At present the remarkable dollar-per-watt cost reductions that have been achieved using crystalline silicon make it the clear winning technology, but at the same time they have changed the very nature of the PV debate, from simply focussing on materials cost, to focussing on absolute efficiency. This is because we have now reached the point where the panel cost is less than their installation costs (rarely less than $100 / m2) and in developed cities, (where the majority of electricity is consumed of course), space is at such a premium that there is an effective financial barrier to installation that can be up to 20 times higher.

It is becoming clear that in the long term, unless we can find new and radical ways of driving the efficiency up, PV systems will simply take up too much space in cities to generate be able a significant fraction of the worlds year-round electricity consumption.

This is an exploratory programme so, for viability, the demonstrator devices will use proven existing materials technology, but we believe that the radical nature of its central "Quantum Ratchet" concept for driving the PV cell efficiency up will mean that it will have manifold impacts.
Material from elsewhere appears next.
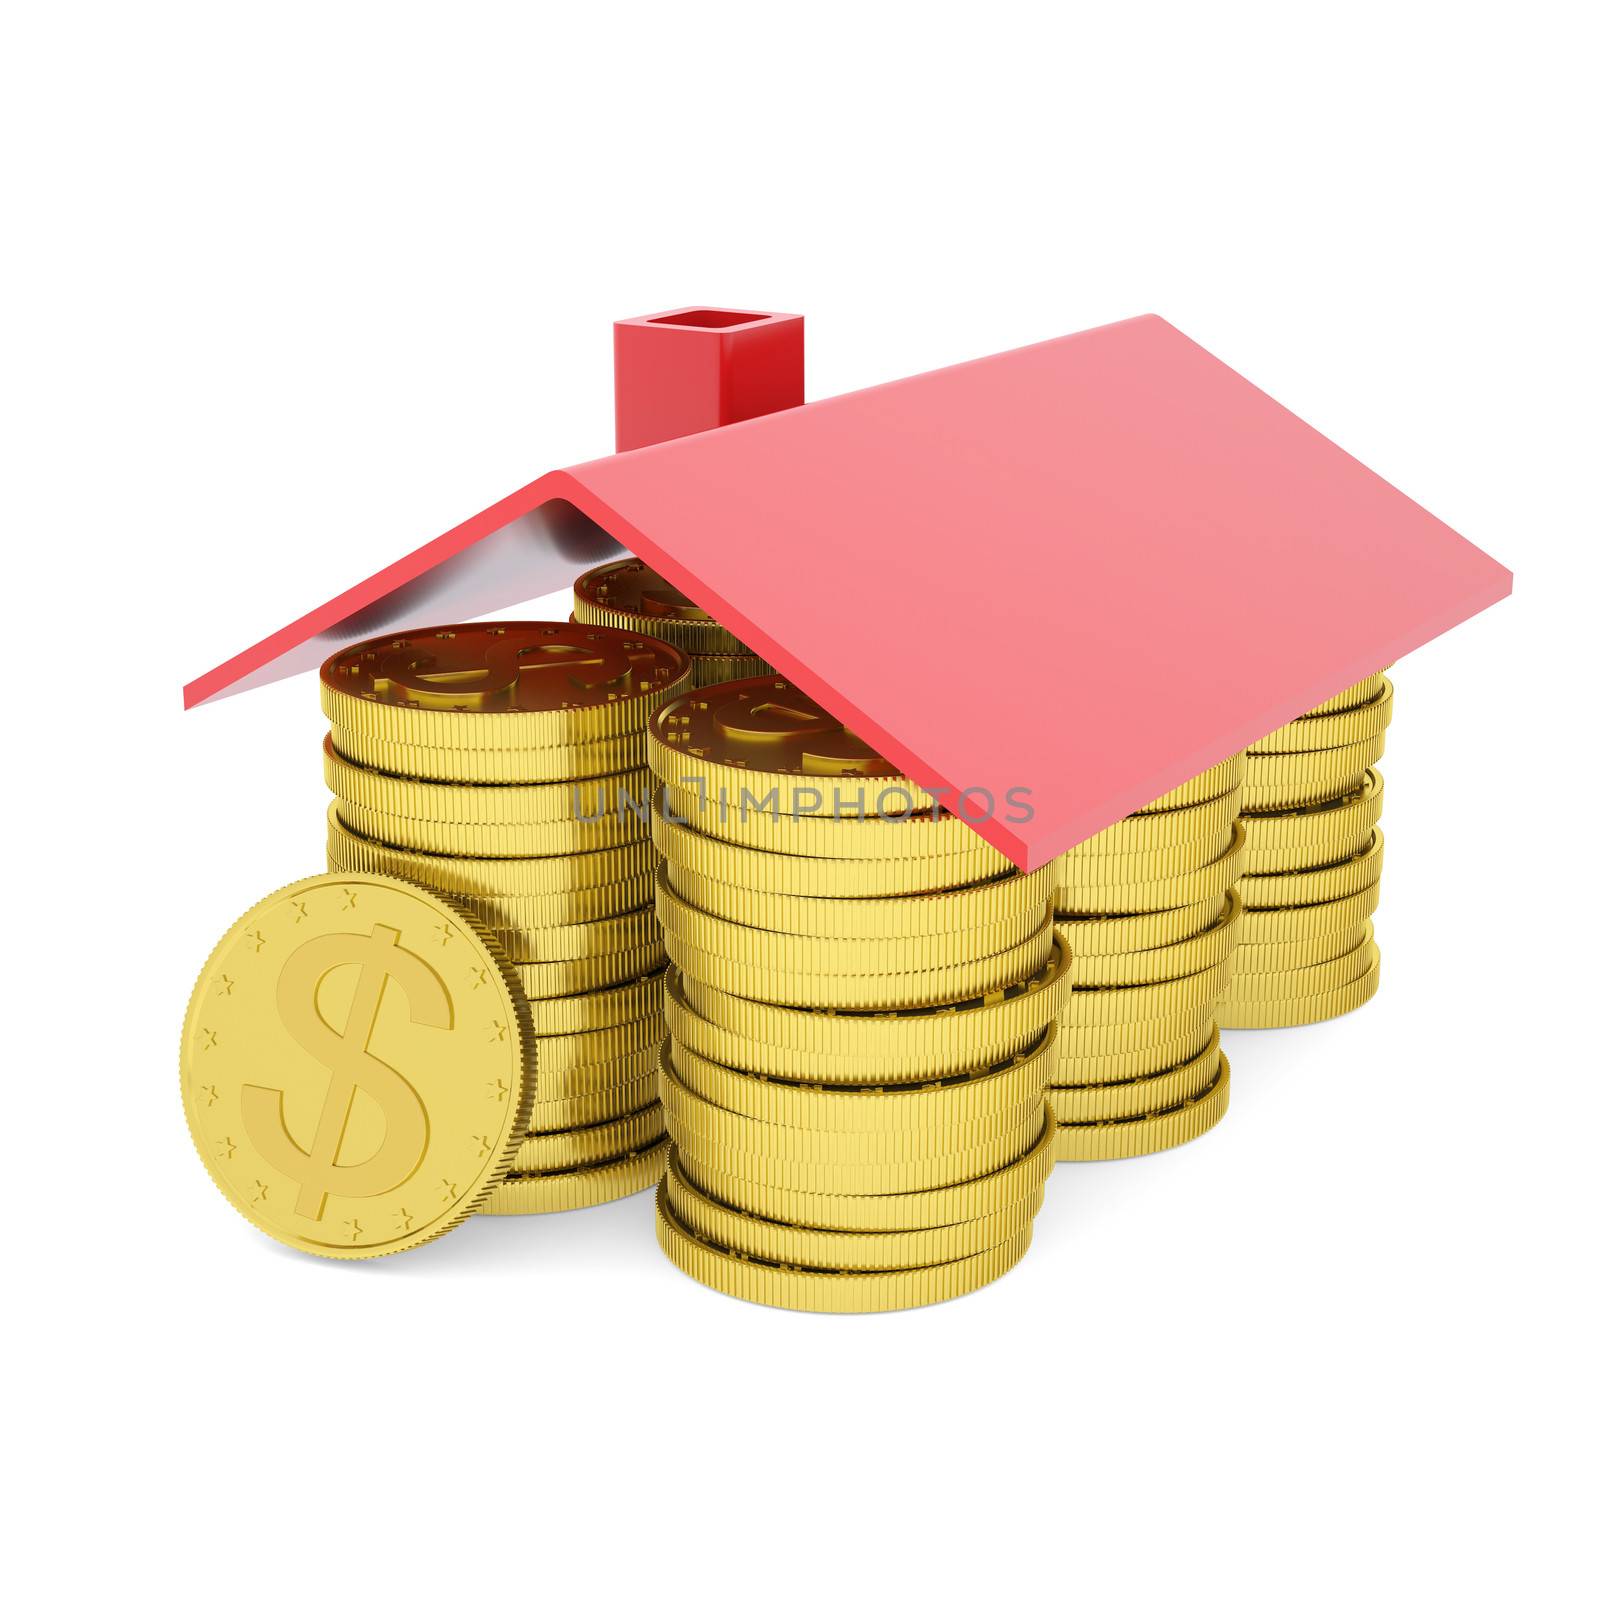 House of gold coins. Isolated render on a white background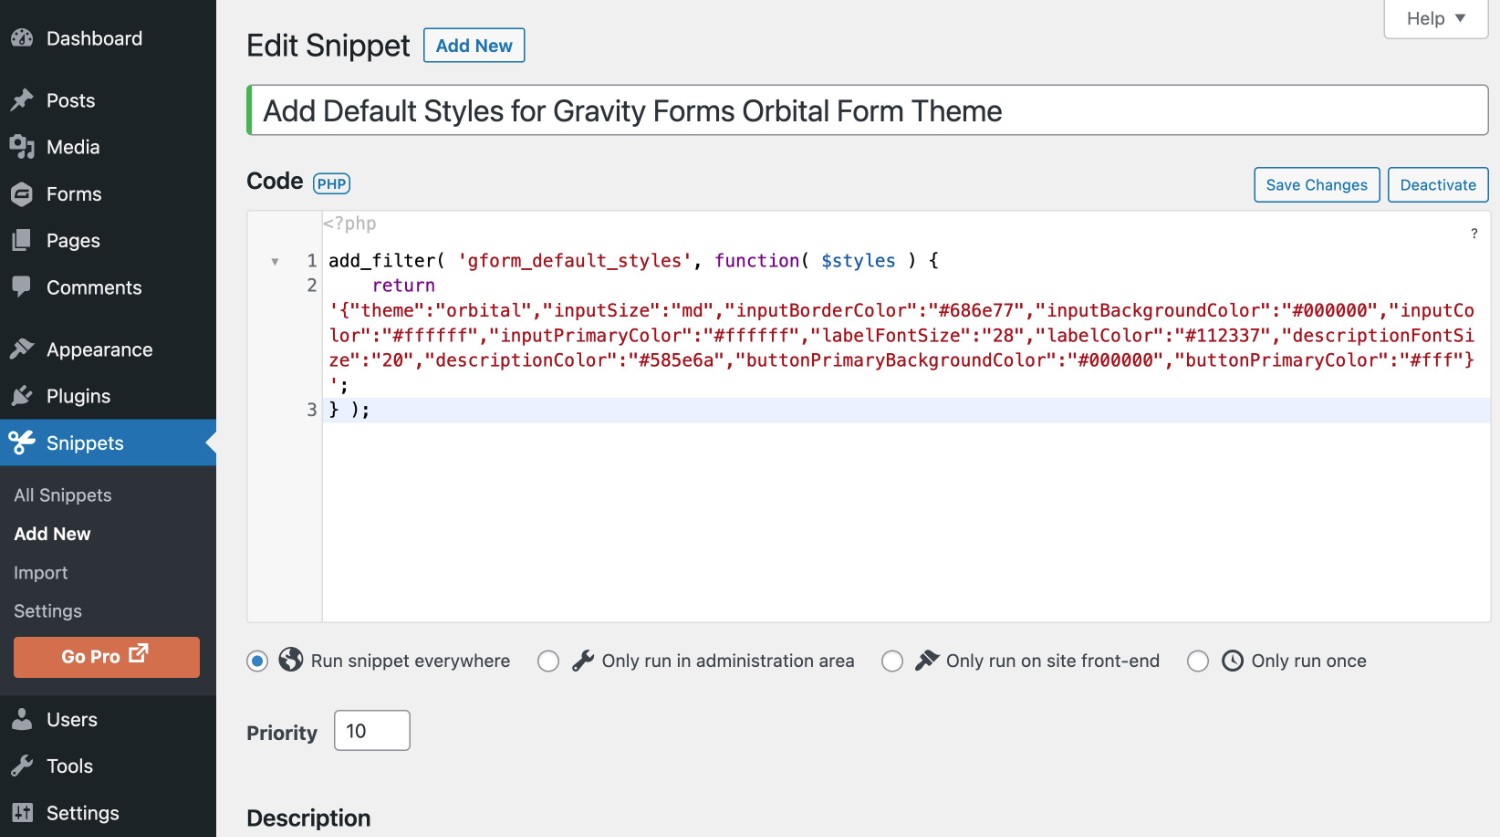 How to set default styles for Gravity Forms Orbital form theme

Once we have established the validity of the idea, it will drive research in other material systems with transition energies that are better suited to the solar spectrum. Currently these materials are harder to work with, but after our programme, research in them will be being driven by a proven concept, and we anticipate a surge of activity from groups who have the skills to develop new, thin-film photovoltaic materials capable of exploiting the quantum ratchet concept in large area devices. Using inorganic thin-films this could include the II-VI and III-N family of semiconductors materials, including graphene, and we have ourselves already theoretically demonstrated an implementation of the idea that uses organic semiconductors.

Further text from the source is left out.